Sì, il percorso letterario di Agota Kristof, è contrassegnato da
uno spiccato senso della tragedia. Non v’è drammaticità nei suoi
scritti, ma soluzioni estreme che conducono i suoi personaggi verso
una morte spirituale, la non speranza appunto.
Nata in Ungheria, la Kristof abbandonò il suo Paese nel 1956
attraversando la frontiera tra l’Ungheria e l’Austria
clandestinamente, con il marito e la figlia. Aveva soltanto ventun
anni. Si stabilì in Svizzera dove lavorò in una fabbrica di
orologi, e dove più tardi cominciò a scrivere, usando la lingua
francese.
Il suo è uno stile estremamente sobrio, che però non censura il
pathos delle sue storie terribili, popolate da tabù quali l’incesto,
la pedofilia, l’omosessualità, il masochismo, il sadismo.
Eppure, anche in quest’immensa tragicità, la bellezza della
letteratura trova la sua manifestazione e diviene l’unico canale
di rimembranza di un dolore immenso, quello subito durante l’infanzia,
l’adolescenza, un dolore che è percepito nella sua verità
ambivalente: amore/odio, vita/morte, tenerezza/crudeltà.
E’ ciò che accade nella Trilogia della città di K., l’opera
che ha reso celebre la Kristof negli anni Ottanta, in La chiave
dell’ascensore, L’ora grigia e Ieri, il suo
ultimo romanzo, tutti editi da Einaudi. La chiave dell’ascensore
e L’ora grigia sono testi teatrali, ma anche i romanzi
recano un’impronta di essenzialità: frasi brevi, dialoghi
sintetici, uso minimo di aggettivi.
Nella Trilogia, i protagonisti Klaus e Lucas sono due
gemelli, forse la stessa persona, oppure due visioni di una stessa
esistenza, ma ciò che emerge con forza è il distacco che questi
due piccoli personaggi vivono nei confronti della loro realtà
emozionale.
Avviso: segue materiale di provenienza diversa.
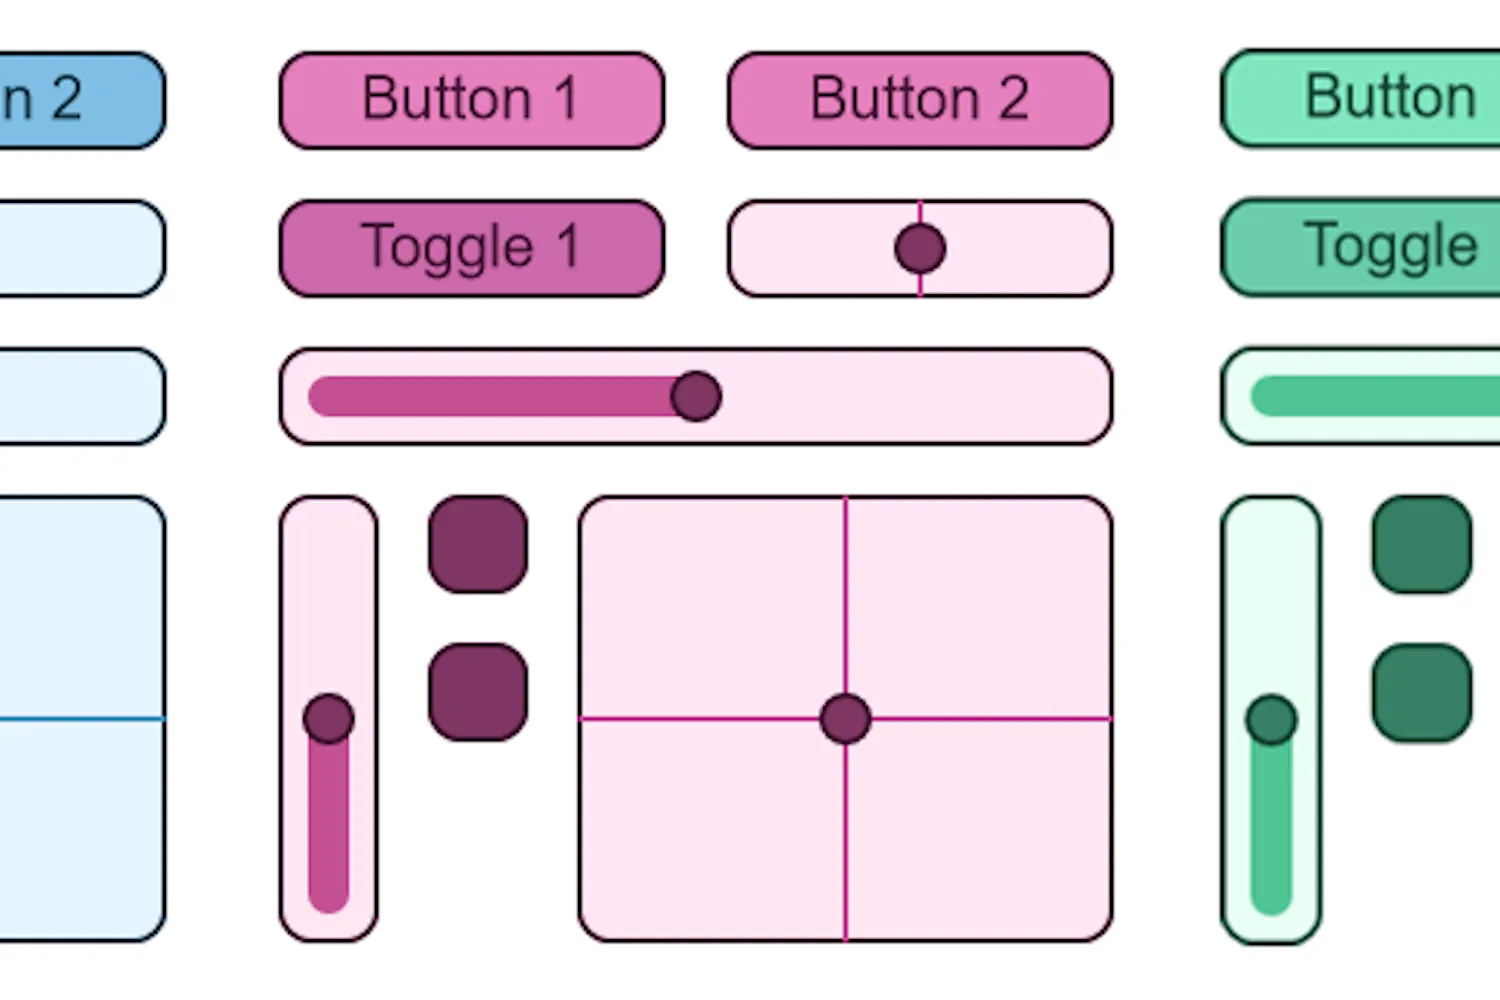 A grid of buttons and sliders created by the library.

Un distacco necessario forse, considerate le violenze
morali e fisiche che i due subiscono.
In un Paese dell’Est dell’Europa, durante e dopo il secondo
conflitto mondiale, la guerra, la fame, la miseria morale e
spirituale, il totalitarismo, avvolgono le esistenze di Klaus e
Lucas che scrivono della loro vita su un “Grande Quaderno”.
Annotazioni di verità false e di menzogne, il tutto per celare
quell’unica realtà, quella vera, che ha reso infelici le loro
esistenze: l’omicidio del proprio padre da parte della madre.
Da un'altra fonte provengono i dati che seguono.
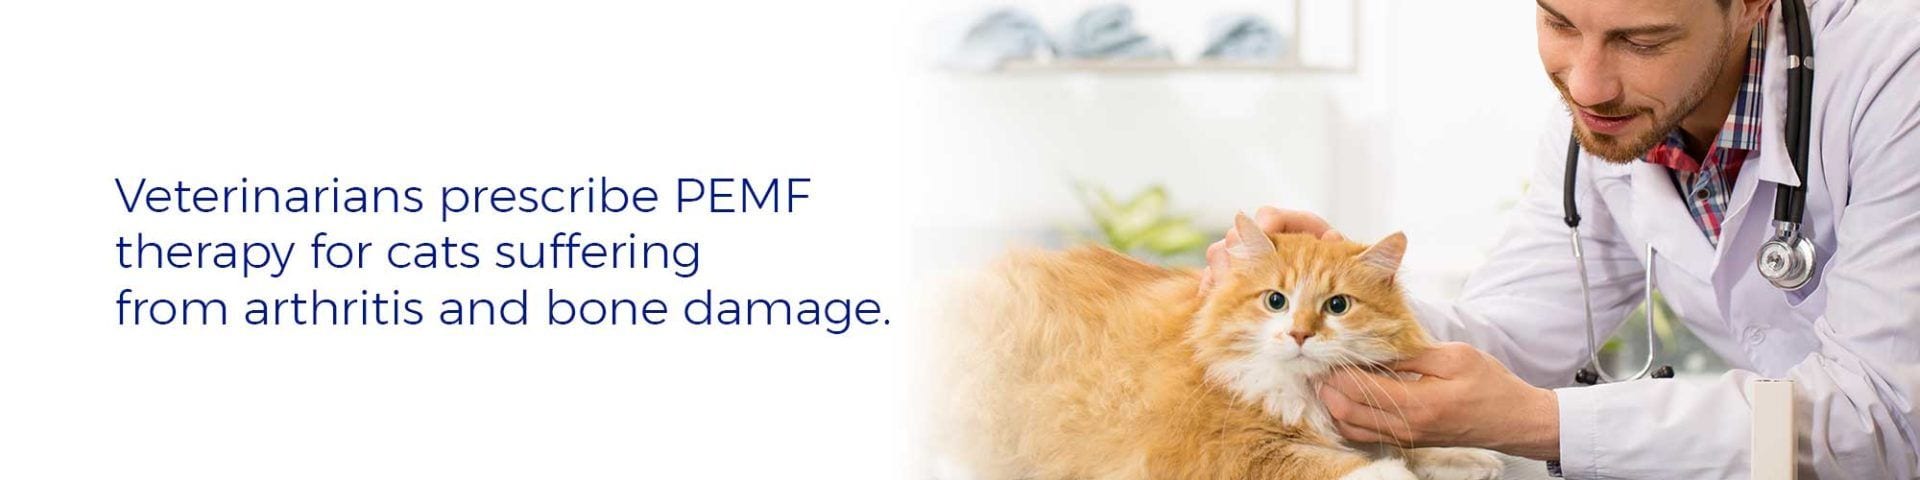 PEMF-Therapy for cats for arthritis and bone damage

Da bambini i gemelli vivono ogni tipo di esperienza perversa;
vengono usati dagli adulti per vivere piaceri intensi e pregenitali.
Esperienze sessuali alle quali essi reagiscono con freddezza, con
crudeltà :
Sotto di noi, tra le gambe dell’ufficiale, sentiamo un movimento
caldo…Ci respinge dolcemente, ci scompiglia i capelli, si alza. Ci
porge due frustini e si corica sul letto a pancia in giù. Dice una
sola parola che, anche senza conoscere la sua lingua, comprendiamo.
Colpiamo. Una volta uno, una volta l’altro.
Il percorso letterario della Kristof mette in evidenza l’ambiguità
dolorosa di realtà perverse e dominanti, che scuotono le esistenze
di coloro che le vivono. Sandor, il protagonista di Ieri, ama
profondamente sua sorella e tenta di uccidere suo padre e sua madre.
Sono amori tormentati, carichi di rabbia, di possessività, che
sfociano inevitabilmente in lutto. Relazioni familiari lacerate da
desideri parricidi e matricidi, conseguenze di violenze subite. La
Kristof si fa portatrice di una verità sconvolgente, che è la
verità dell’efferatezza, della reazione crudele di chi è
maltrattato, ignorato, ucciso nella sua intimità personale.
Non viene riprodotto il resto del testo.